Éclairage
Planifier des encastrés qui ont vraiment fière allure
L’espacement, la température de couleur, la gradation et l’approche en couches recherchée par les designers.
Équipe BGE Électrique · Publié le 9 juin 2026 · 6 min de lecture

L’éclairage encastré est l’élément le plus demandé dans nos projets de rénovation, et le plus facile à rater. Trop d’appareils et le salon ressemble à une surface de vente. Trop peu et on obtient des îlots de lumière séparés par des zones sombres.
Commencez par les couches, pas par les appareils
Un bon plan comporte trois couches : la lumière ambiante qui remplit la pièce, la lumière de tâche là où l’on travaille — comptoirs, bureaux, cuisinière — et la lumière d’accentuation sur les œuvres, les boiseries ou le foyer. Les encastrés couvrent habituellement les deux premières. C’est dans la troisième que les appliques, les suspensions et les luminaires linéaires prennent tout leur sens.
- Règle d’espacement : divisez la hauteur du plafond par deux. Un plafond de 9 pi suppose environ 4,5 pi entre les appareils.
- Gardez les appareils à 60–90 cm du mur pour que la lumière glisse sur la verticale au lieu d’éclairer la plinthe.
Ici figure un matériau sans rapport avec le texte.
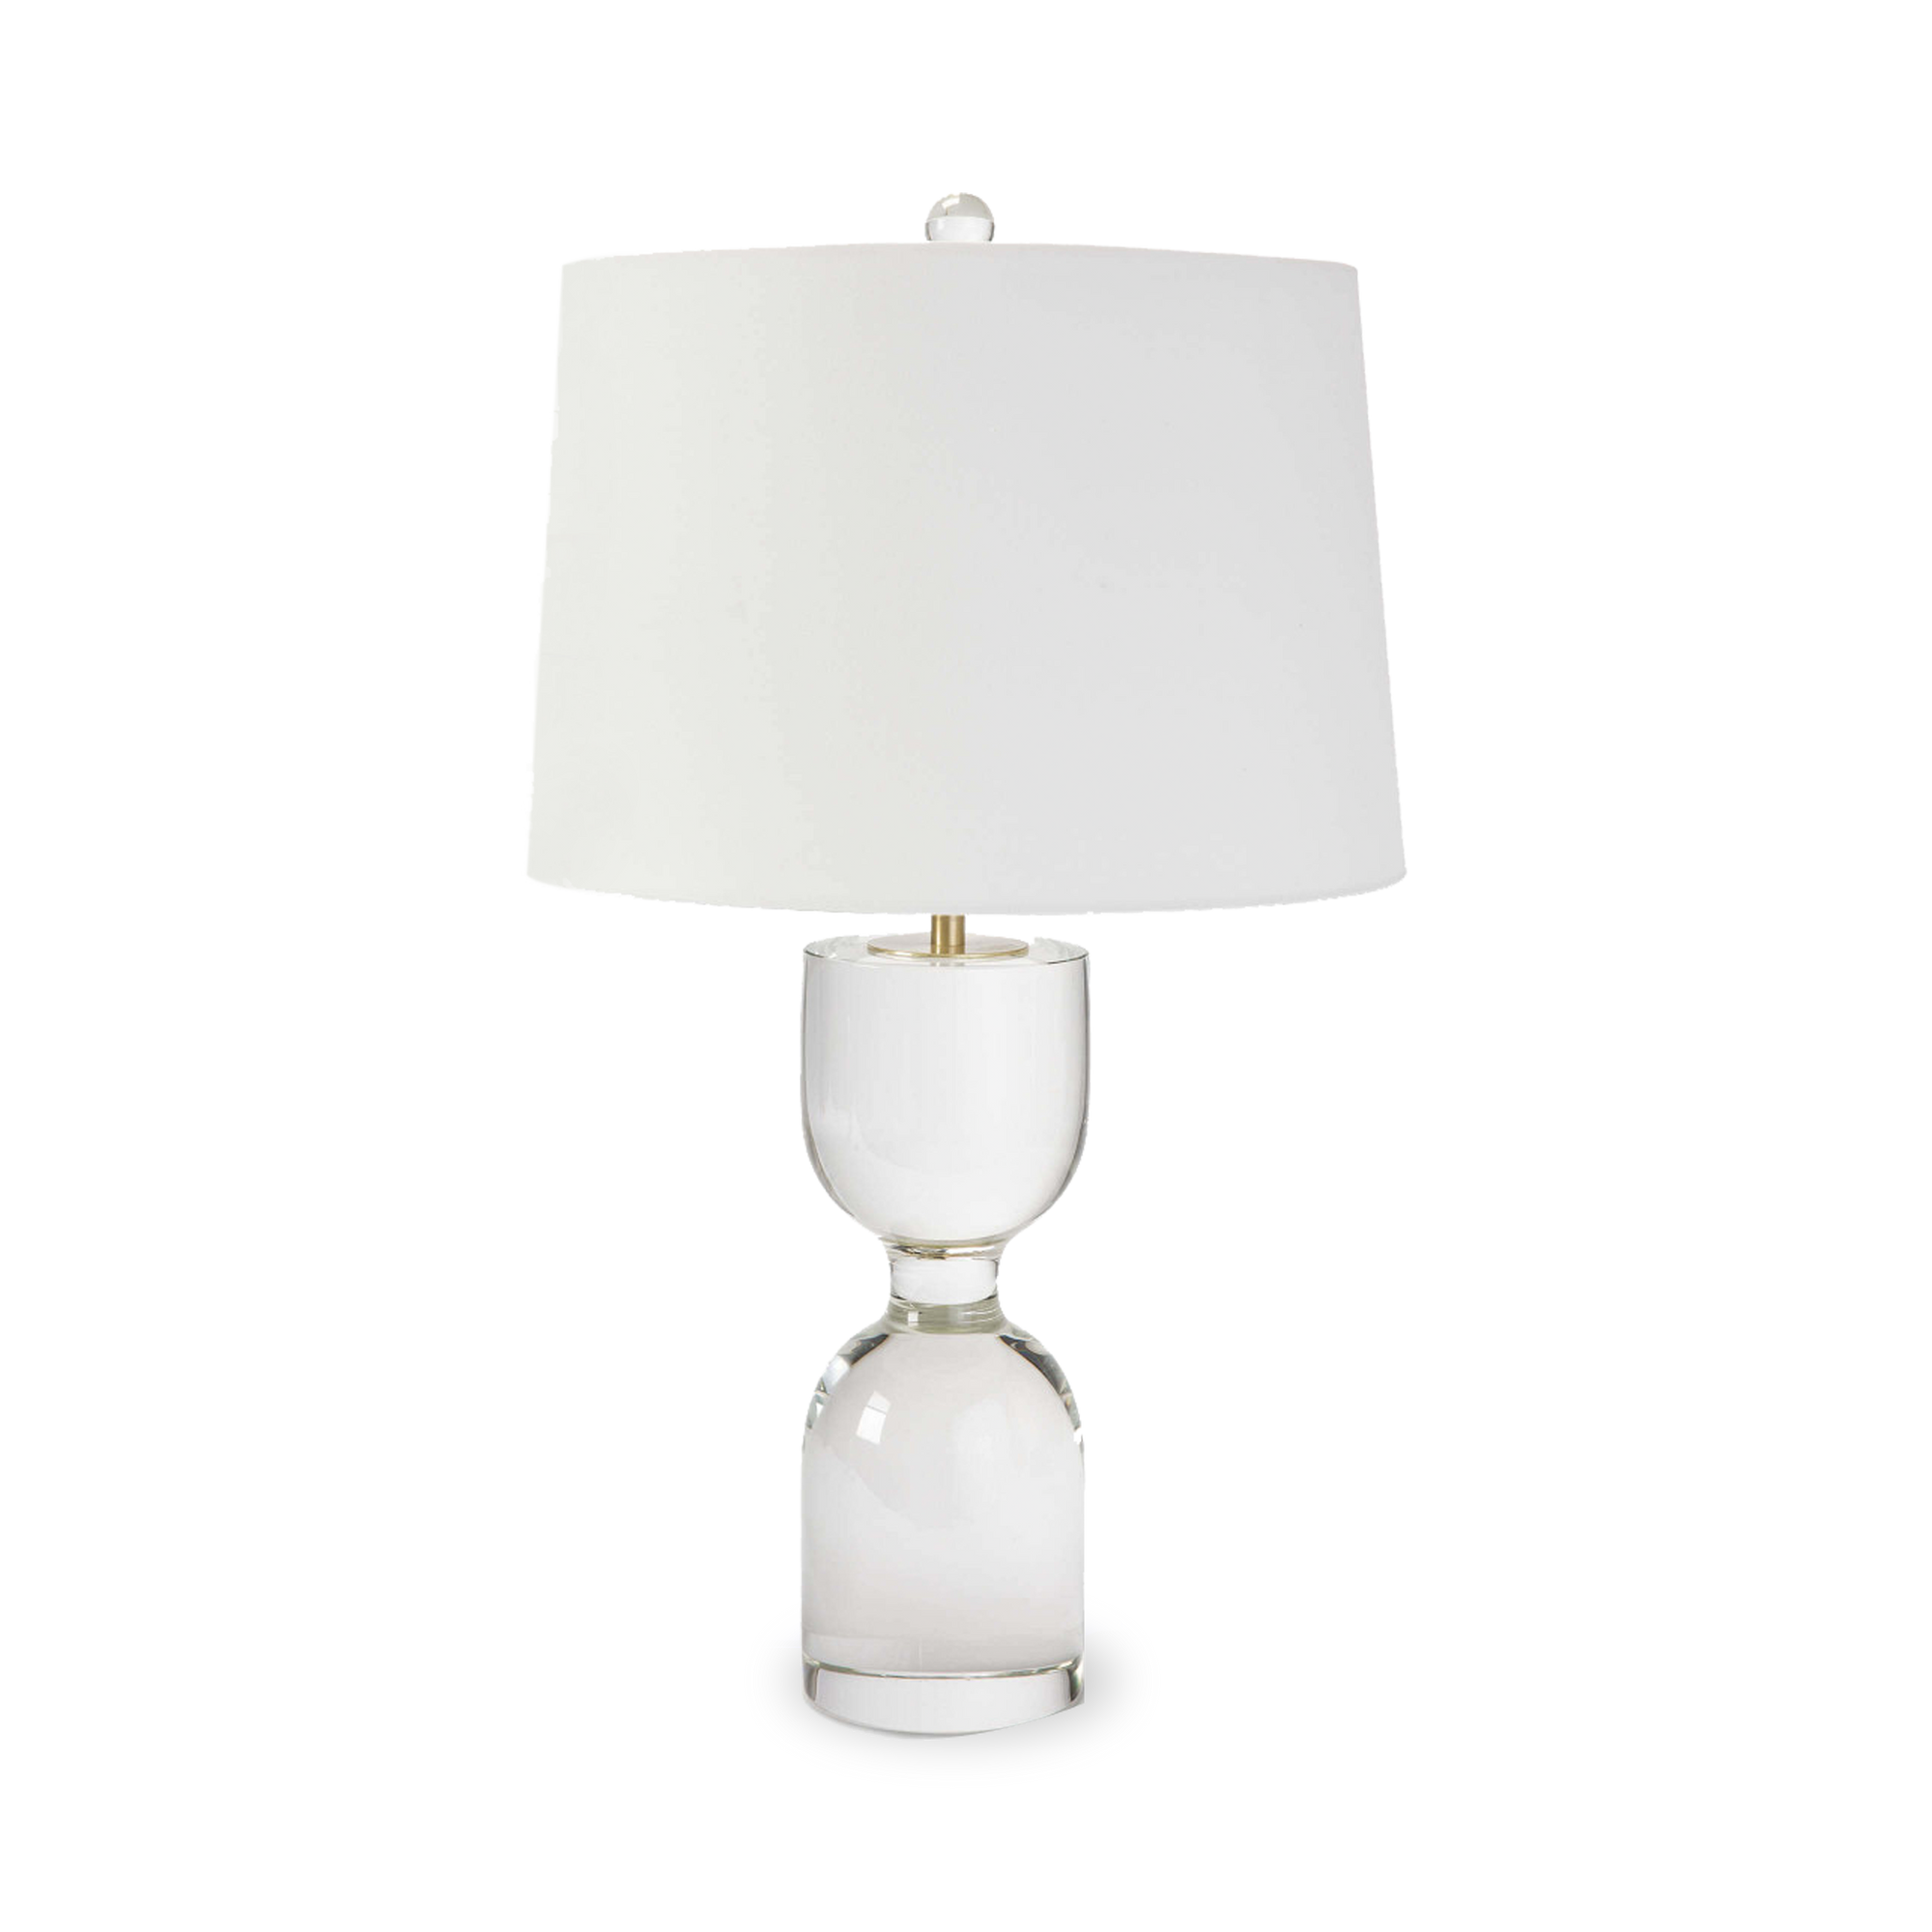 With it's reflective crystal body and matching finial the Darla Table lamp is a modern classic.

- 3000 K est chaud et résidentiel; 2700 K est plus douillet; 4000 K appartient aux garages et aux ateliers.
- Choisissez un IRC de 90 ou plus pour que la peinture, le bois et les teints paraissent justes.
- Mettez tout sur gradateur. Un circuit gradable est la façon la moins chère de rendre une pièce polyvalente.
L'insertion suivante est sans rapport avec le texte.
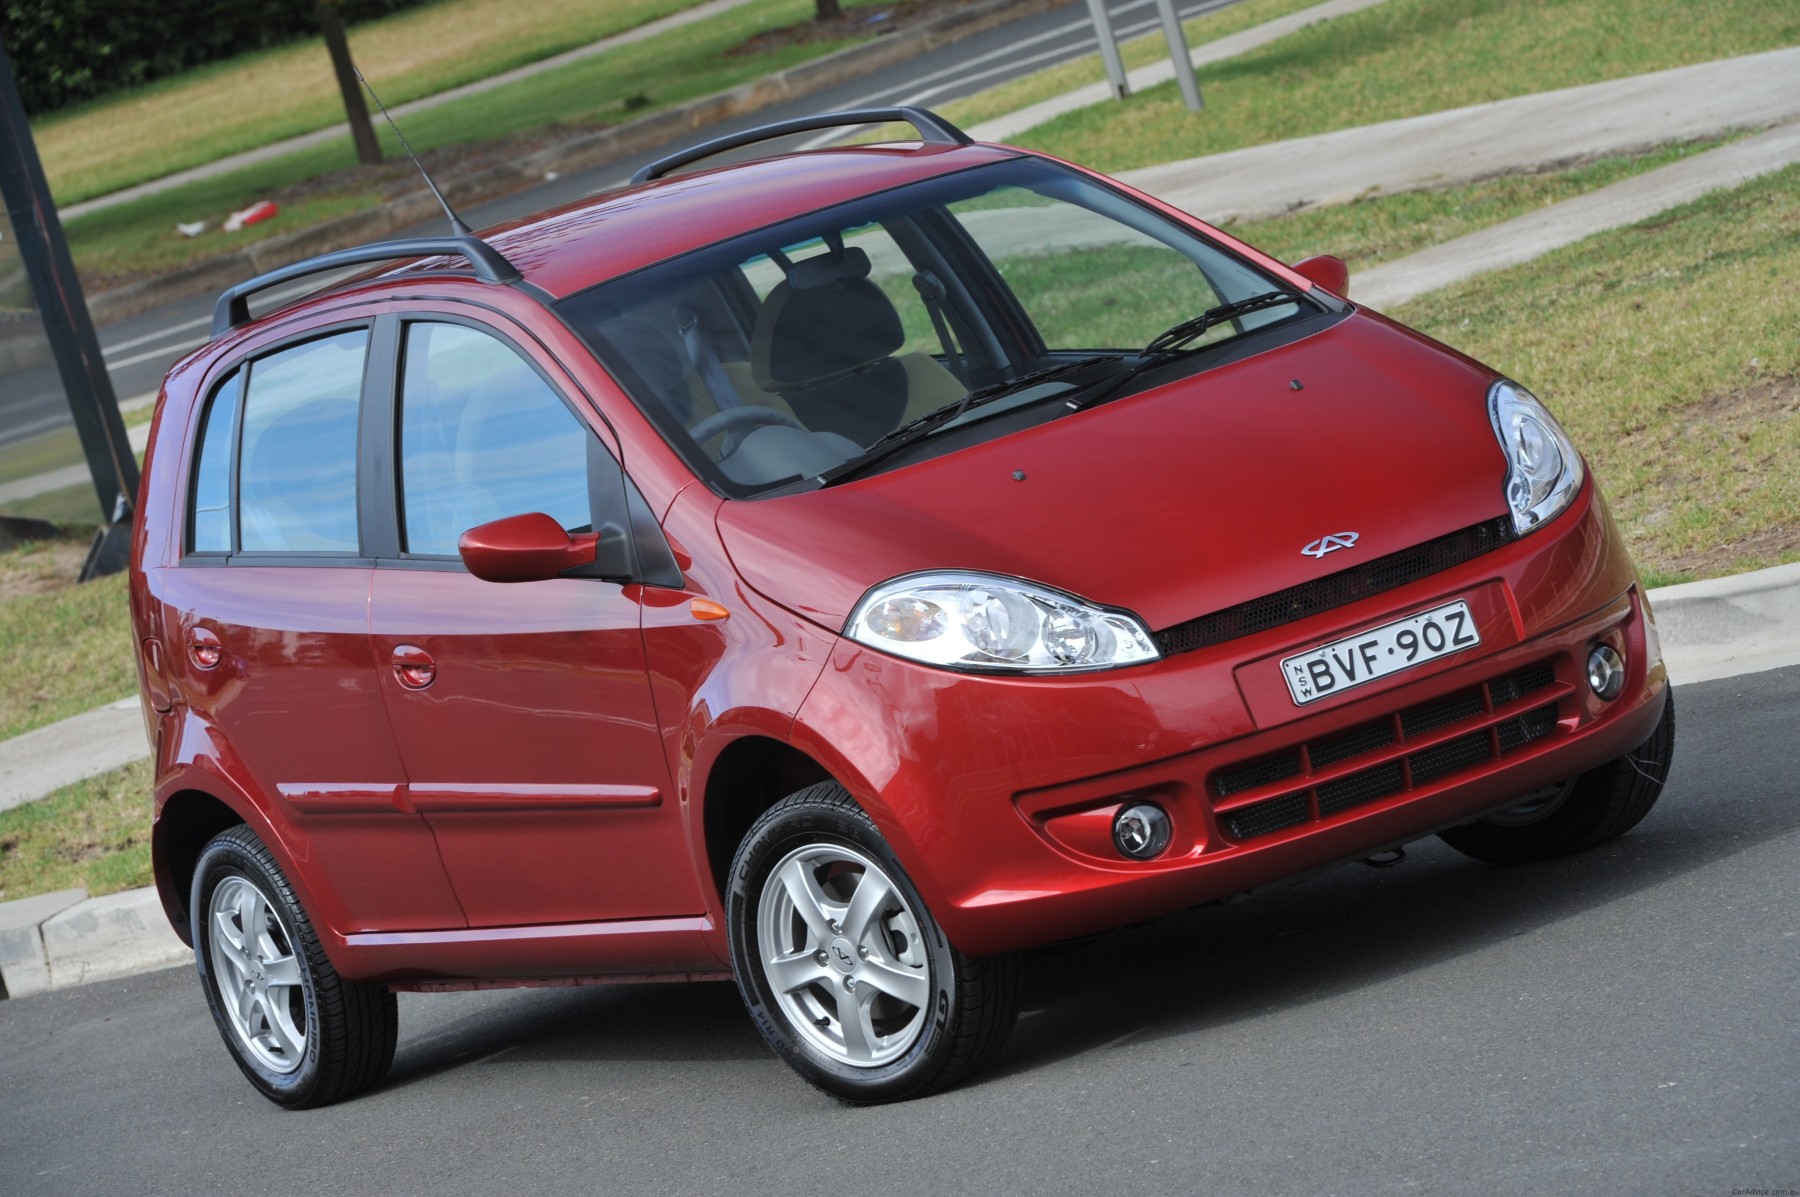  Chery  picture 13 reviews news specs buy car

Le plan d’éclairage doit être arrêté avant la pose du gypse. Déplacer un appareil après coup coûte dix fois ce qu’il coûte sur papier.
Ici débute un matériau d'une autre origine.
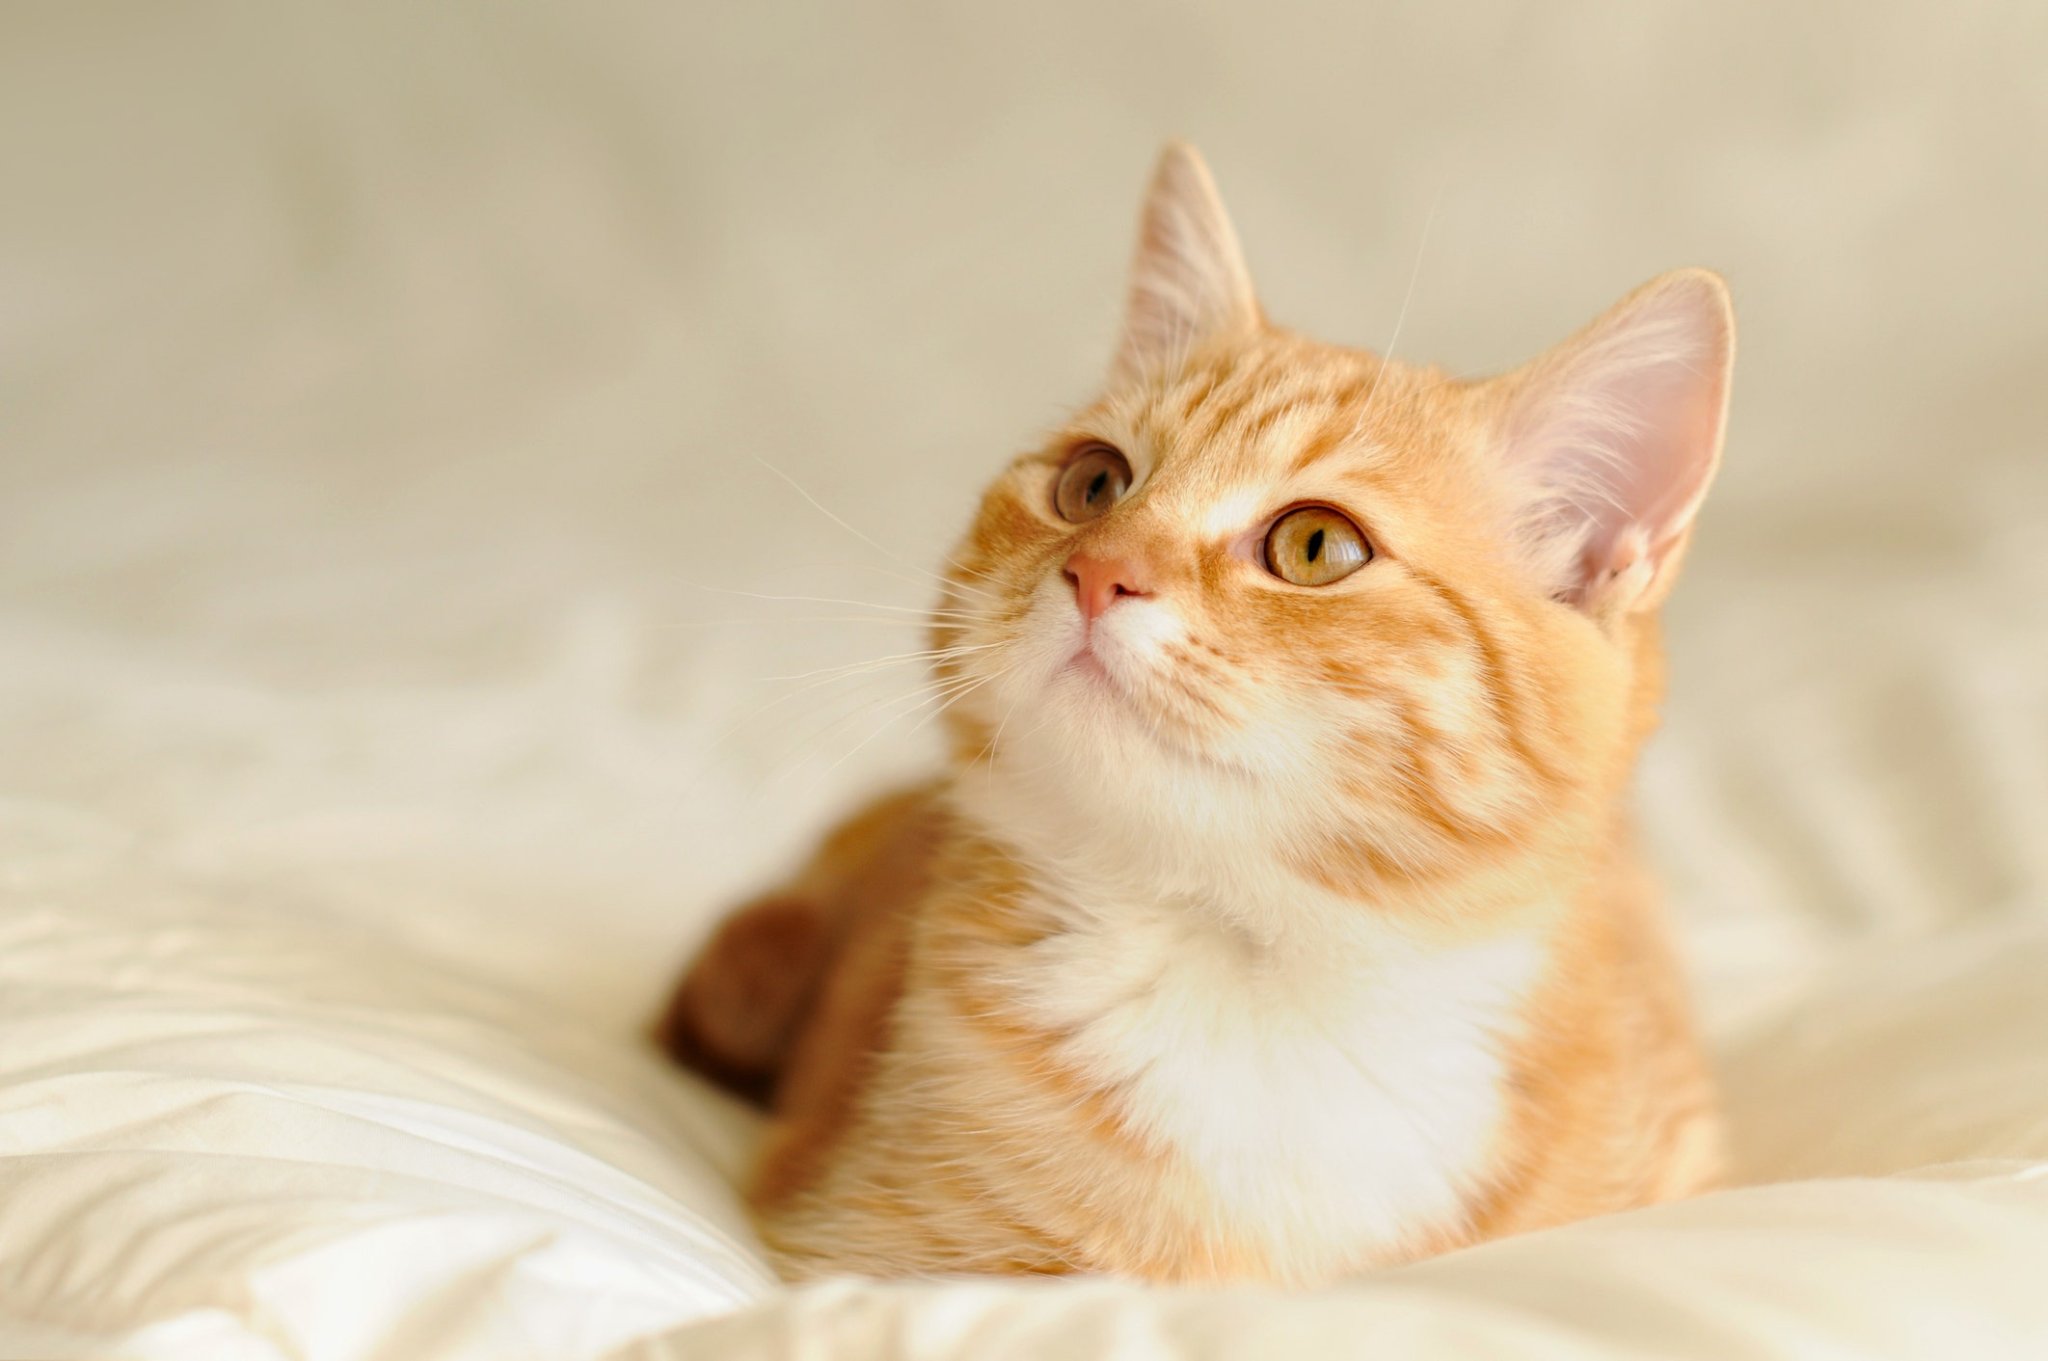 Cats recover from coronavirus faster than humans, researchers say

Un dernier détail auquel les propriétaires pensent rarement : la classification IC et l’étanchéité à l’air. Dans un hiver québécois, des appareils non classifiés dans un plafond isolé laissent fuir de l’air chaud et humide vers l’entretoit. Exigez des boîtiers homologués IC et étanches à l’air : vous protégez à la fois votre facture de chauffage et votre toiture.